A report from Global Witness says logging companies have been granted lumber rights in 60 percent of the country's rainforests in the six years since Ellen Johnson Sirleaf became president of Liberia.

Sirleaf, praised for revoking corrupt and badly managed logging companies when she took office in 2006, has already ordered a investigation into the situation.

Large amounts of illegal timber were used to finance arms sales during the country's civil war.

Global Witness alleges nearly a quarter of Liberia's landmass has been handed to logging companies using secret and often illegal permits, such as Private Use Permits designed to allow private land owners to cut trees on their property, in order to circumvent legislation.

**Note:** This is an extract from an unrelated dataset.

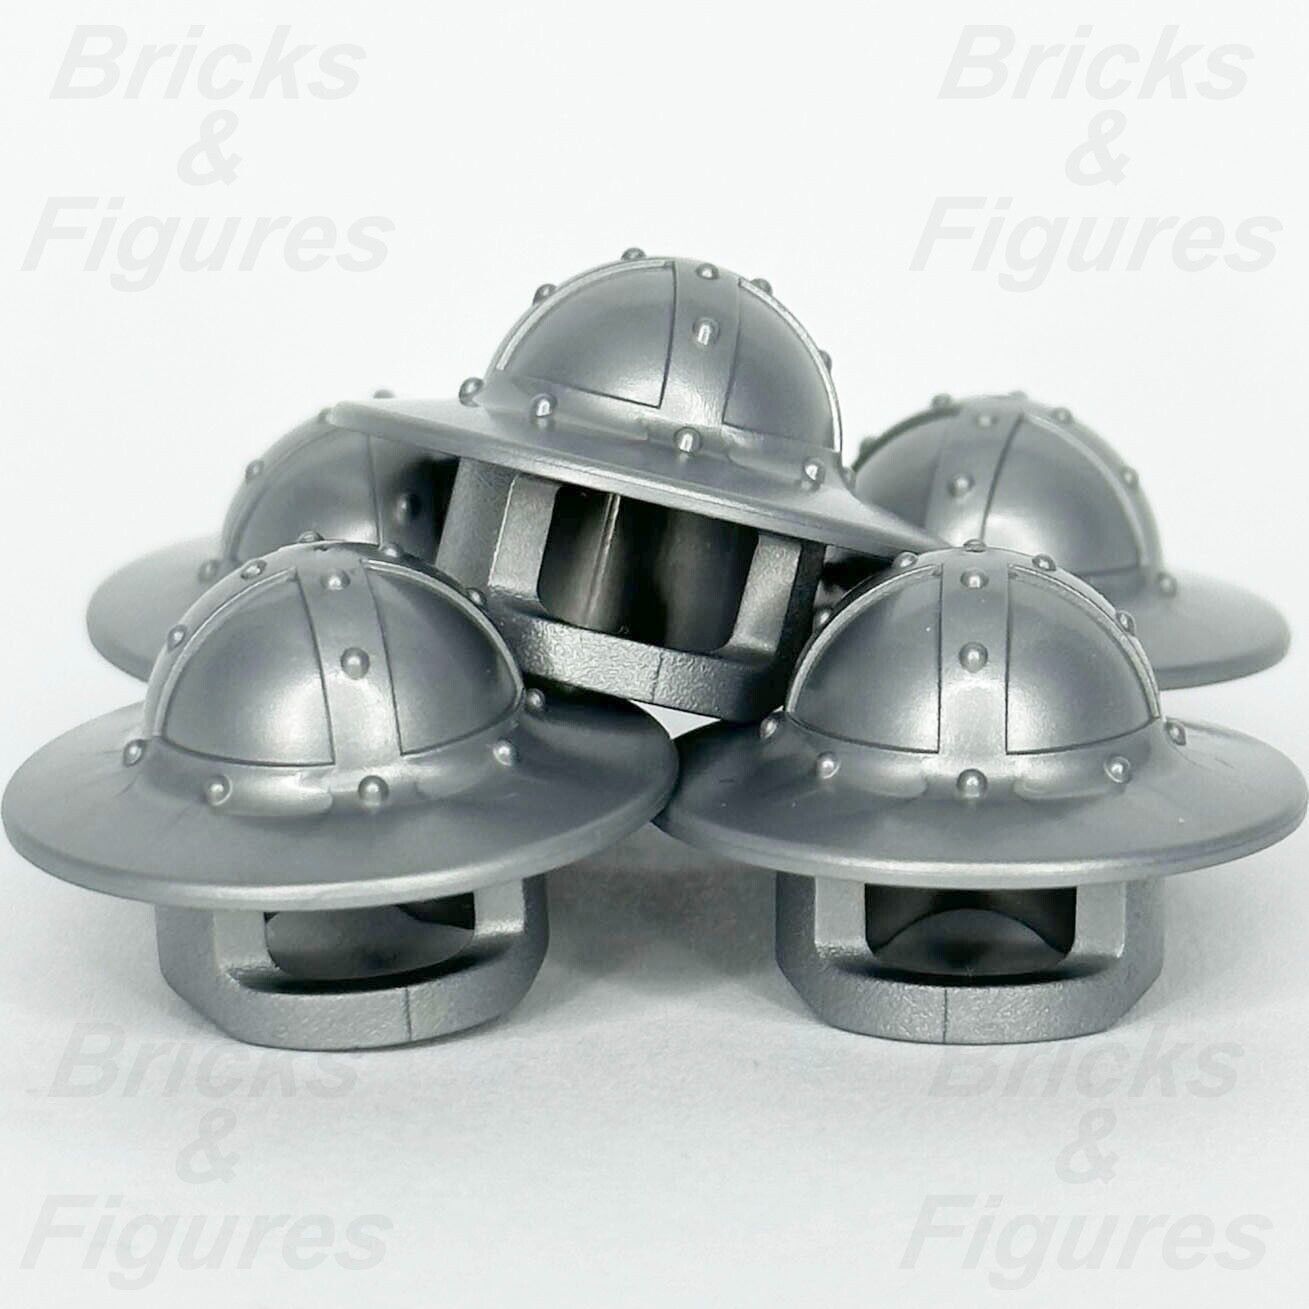 LEGO Castle Knight Chin Guard & Broad Brim Helmet Minifigure Part 30273 x 5 - Bricks & Figures

The Liberian government put a moratorium on such permits in February.

"What we're finding out sadly is that the community is not benefiting, the government is not getting the taxes it requires," Liberian Information Minister Lewis Brown told the BBC.

"But more than that the guys are spreading out into the countryside and engage in massive deforestation and this was never the intention."

The West African nation, with some of the largest areas of rainforest in the region, can ill afford to lose control of them, environmentalists said.

"It does mark an extraordinary breakdown of law in Liberia's logging sector, a sector which has received an awful lot of support since the war both from President Johnson Sirleaf and from the United States, the European Union and other international partners," Jonathan Gant, a policy adviser at Global Witness, said.